Records provided START
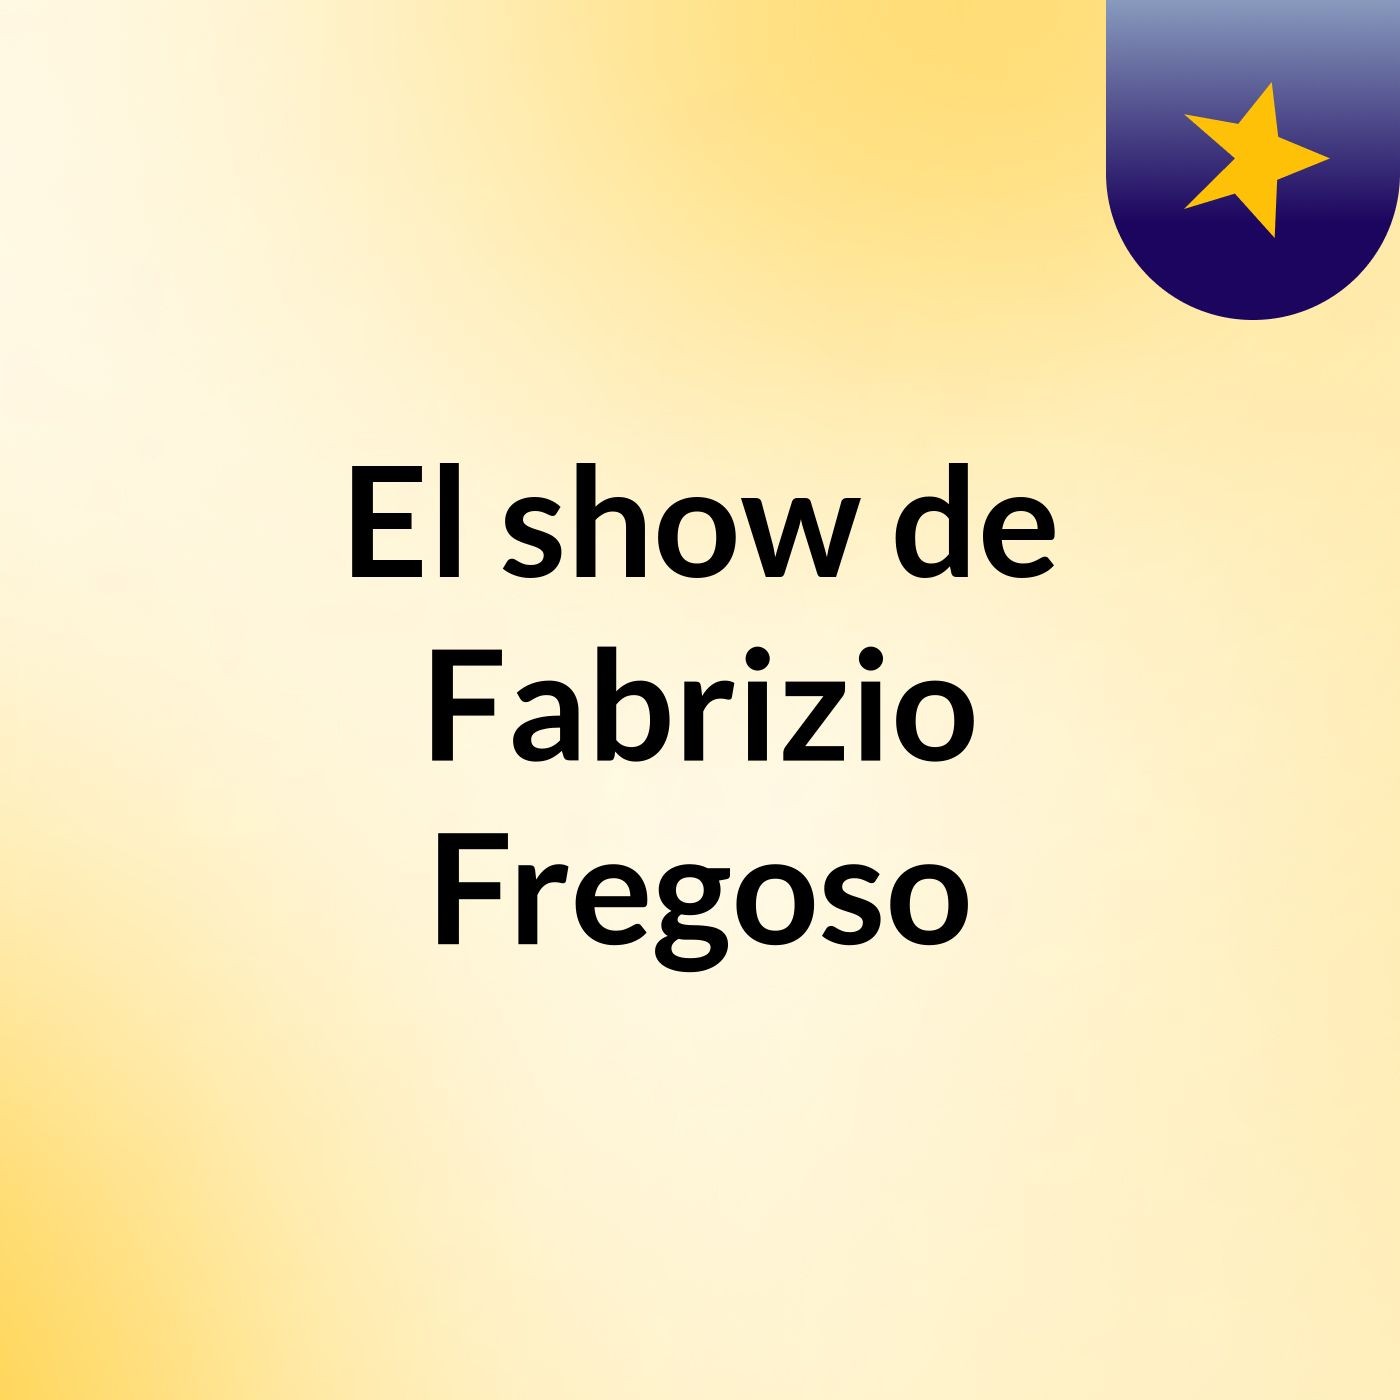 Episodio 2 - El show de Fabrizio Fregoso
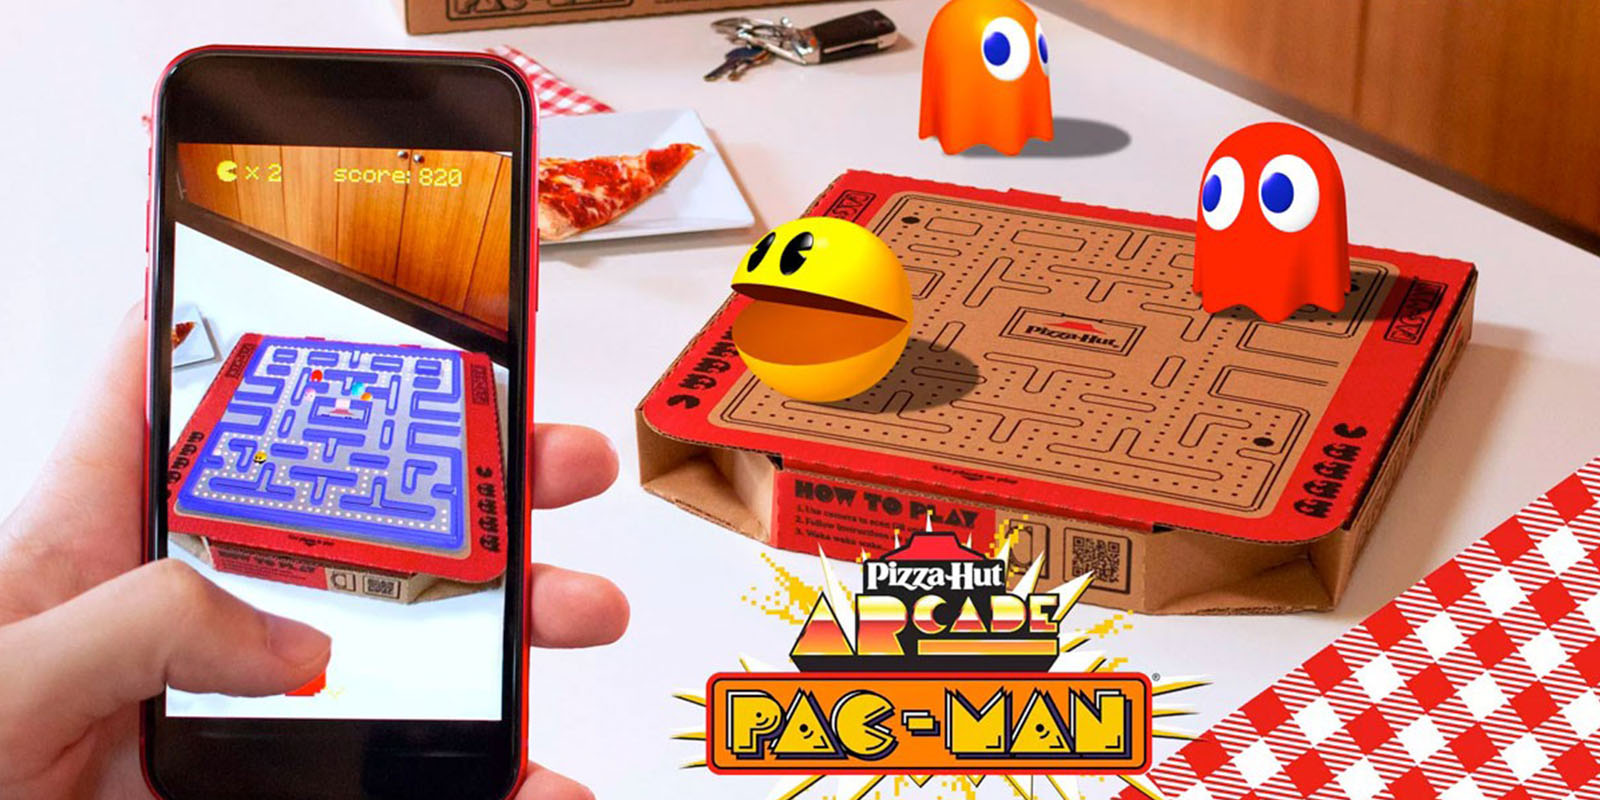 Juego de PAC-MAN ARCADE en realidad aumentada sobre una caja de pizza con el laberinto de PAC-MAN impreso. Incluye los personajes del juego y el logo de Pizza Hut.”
Records provided END
Records provided START
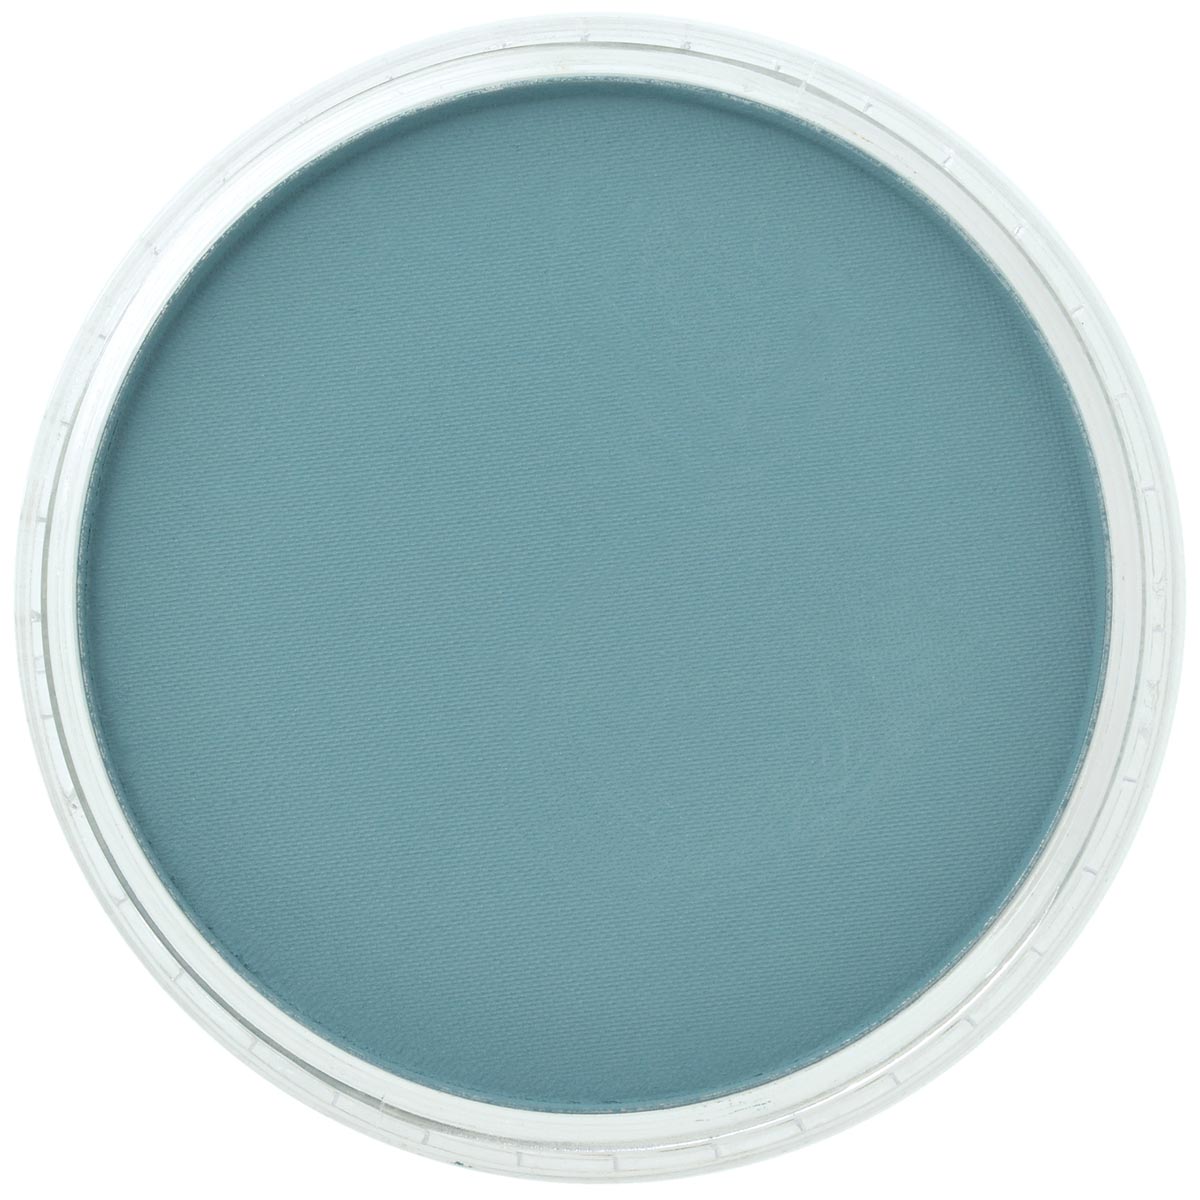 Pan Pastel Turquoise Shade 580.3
Records provided END
Print exactly the lines above that run from the one with "Episodio 2 - El show de Fabrizio Fregoso" down to the one with "Juego de PAC-MAN", and omit the pictures.

Your response:
 Episodio 2 - El show de Fabrizio Fregoso
 Juego de PAC-MAN ARCADE en realidad aumentada sobre una caja de pizza con el laberinto de PAC-MAN impreso. Incluye los personajes del juego y el logo de Pizza Hut.”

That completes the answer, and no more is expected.